We compiled a set of economic, social and environmental spatial data to quantify potential to increase the production of seven crops and beef and milk in each of the 5570 Brazilian municipalities, as well as identifying priority areas for conservation and restoration of forests, savanna and other habitats. Although Brazil has relatively good spatial data availability, compared to many countries, we had a hard time finding data on some of the land cover, social and economic variables that we needed. We spent months searching and selecting the most suitable variables, adapting data from global models and for some variables, calculating the first estimates at Brazilian municipality level scale. These data are now available to anyone who wishes to use them, as part of our open-access paper (we thank Nature Scientific Reports for a fee waiver which made this possible).
From this set of variables, compiled over two years, we provided the first dataset identifying which Brazilian municipalities have the most favorable conditions for increasing the production of crops, beef, and milk on existing cultivated land, and where conditions appear to be most favourable to spare land for nature. Surprisingly, although pasture occupies much more land in Brazil and is infamous for its low yields, we found that increasing yields on cropland could make a larger contribution to the food supply. However, improving yields on pastures offers – in conjunction with conservation policies – greater potential to spare land for nature; production on pasture has the potential to increase by 113%, while crops could only increase by 25%. We stress that it is not necessary to increase yields to this extent to contribute to land sparing. Modest yield increases, using sustainable practices, would be sufficient to avoid the need to clear more land for agriculture.

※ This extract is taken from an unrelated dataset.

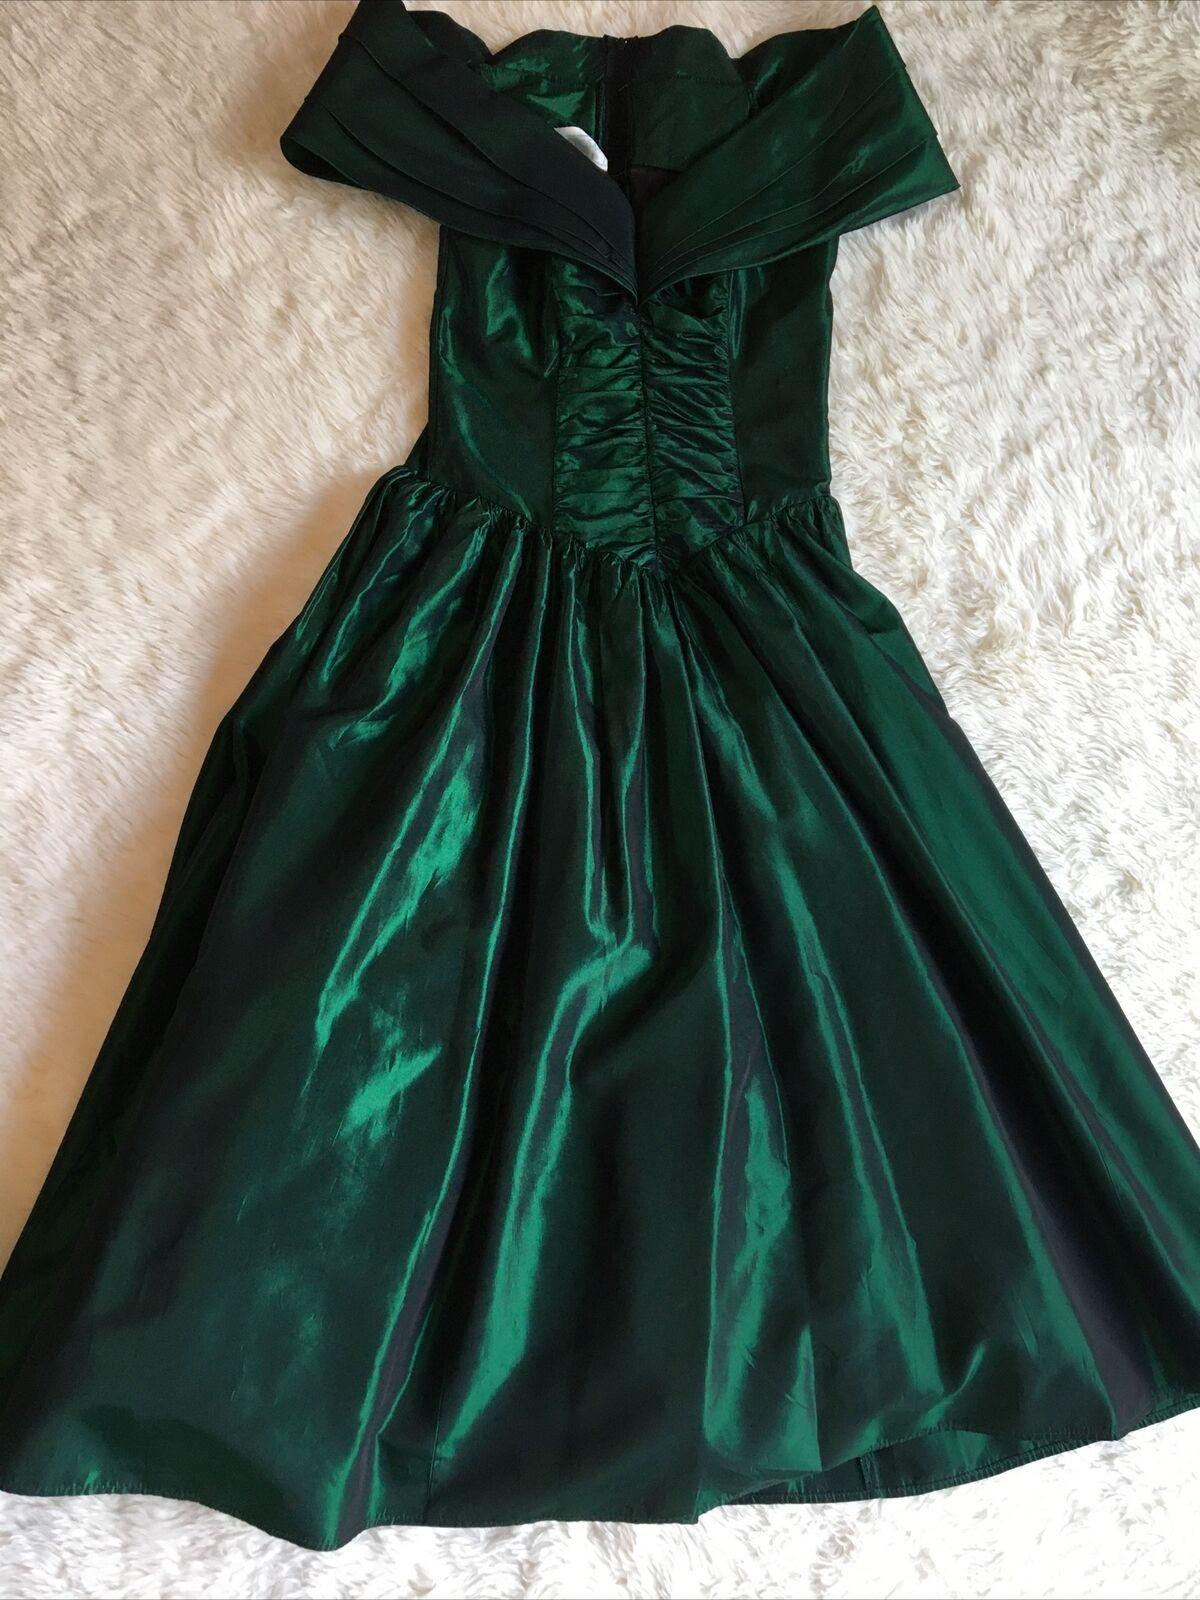 vintage jessica mcclintock gunne sax dress 80s Wo… - image 2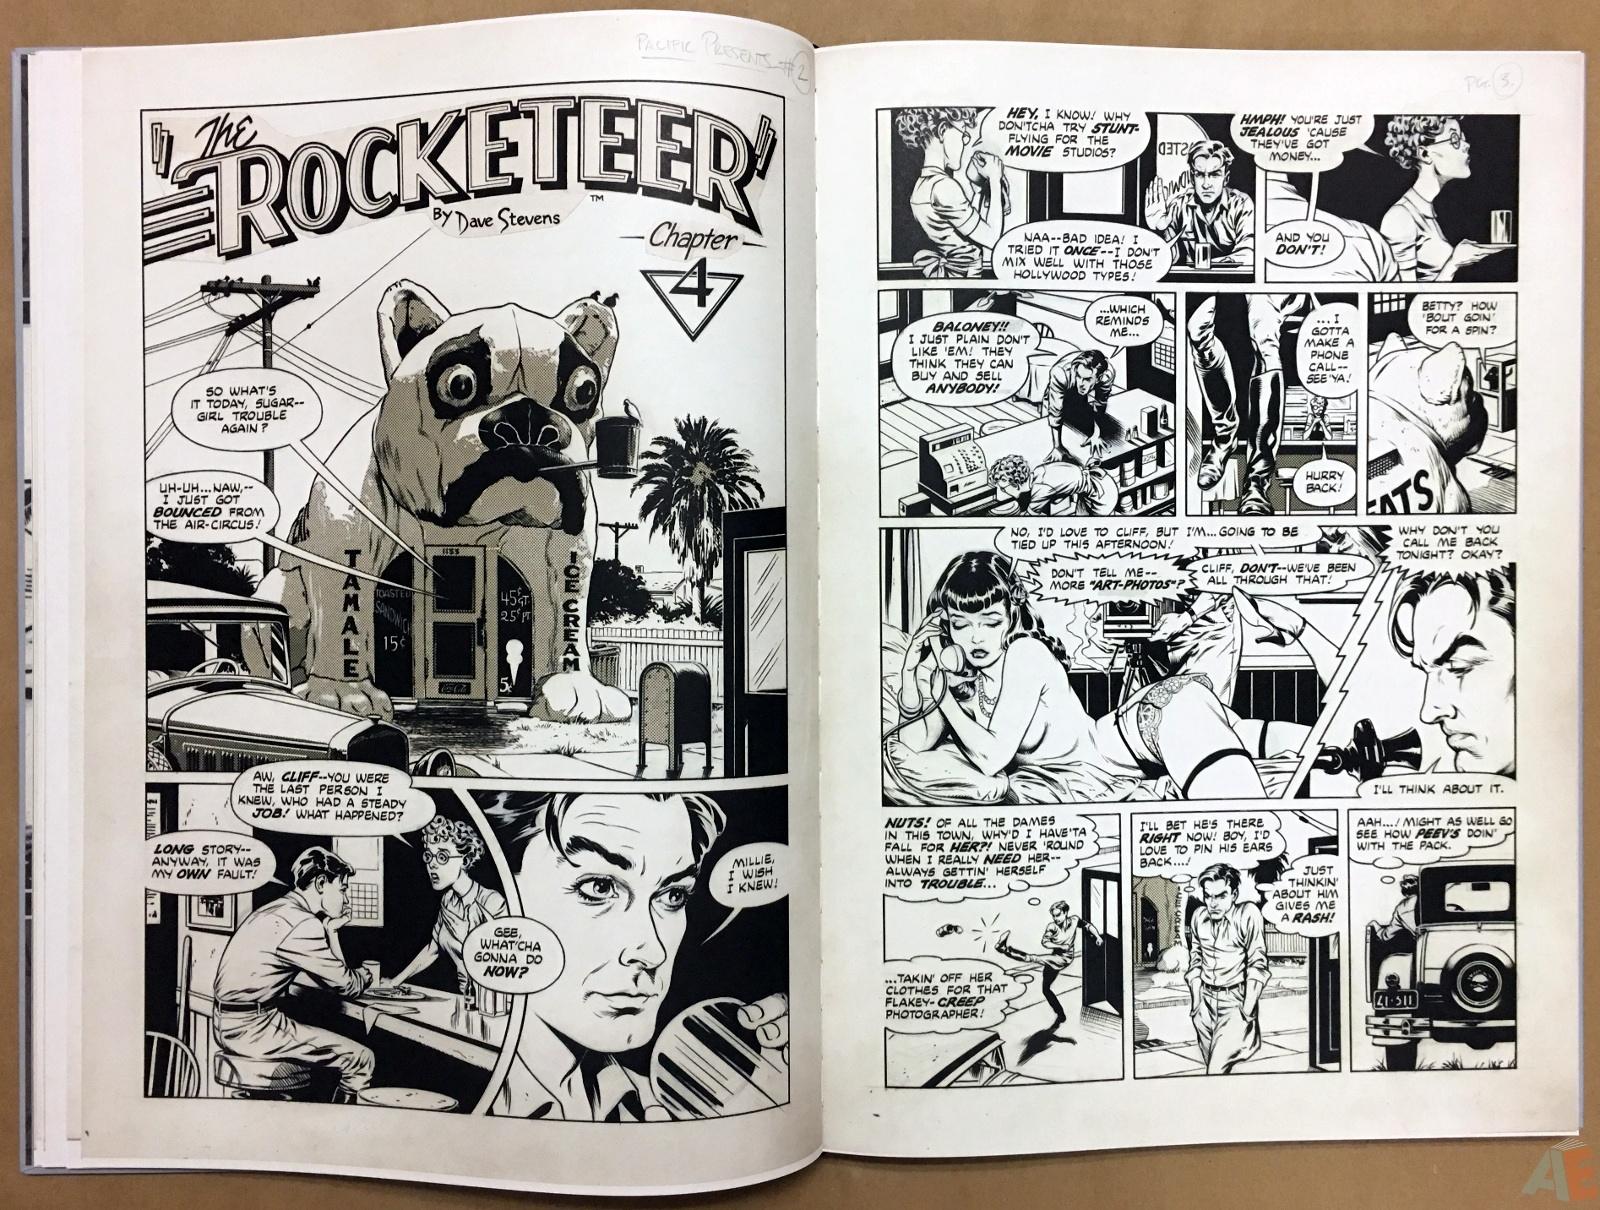 Dave Stevens' The Rocketeer Artist's Edition

One of the interesting, but not unexpected, findings was that we could quantify how much more productive croplands are than pastures. The seven crops we looked at contribute seven times more food energy to the domestic food supply than pastures, from one-third as much land area. In addition to land use policies, these numbers suggest that shifting patterns of consumption towards plant-based foods, and reducing food waste, could help greatly in reducing the environmental footprint of food production in Brazil, as has been found in other parts of the world.
We identified areas of high conservation importance distributed across all of the country’s domains, from the Amazon to the Pampas. However, our maps make especially clear the importance of the Atlantic Forest, with its many endemic species, for both conservation and forest restoration. Across the country, we found relatively few municipalities where it would be appropriate to encourage yield increases without improving conservation at the same time; in other words, land sparing within as well as between municipalities will be important if irreplaceable biodiversity is not to be lost. When we analyzed the constraints to the establishment of land sparing policies, some municipalities had none of the constraints we obtained data for. In short, these municipalities, where land sparing policies might be most successful, are concentrated in São Paulo and Minas Gerais states in the Atlantic Forest domain.
Our dataset may serve as a useful source of information at the municipality level for efforts to reconcile food production and nature conservation in Brazil. In addition, the framework we developed can clarify how we might think about the potential and challenges involved in planning land-sparing policies. We hope that it will be used by environmental decision-makers, scientists, and NGOs to help identify where their efforts might be most impactful, and to better understand what factors need to take into account at a local scale for successful conservation.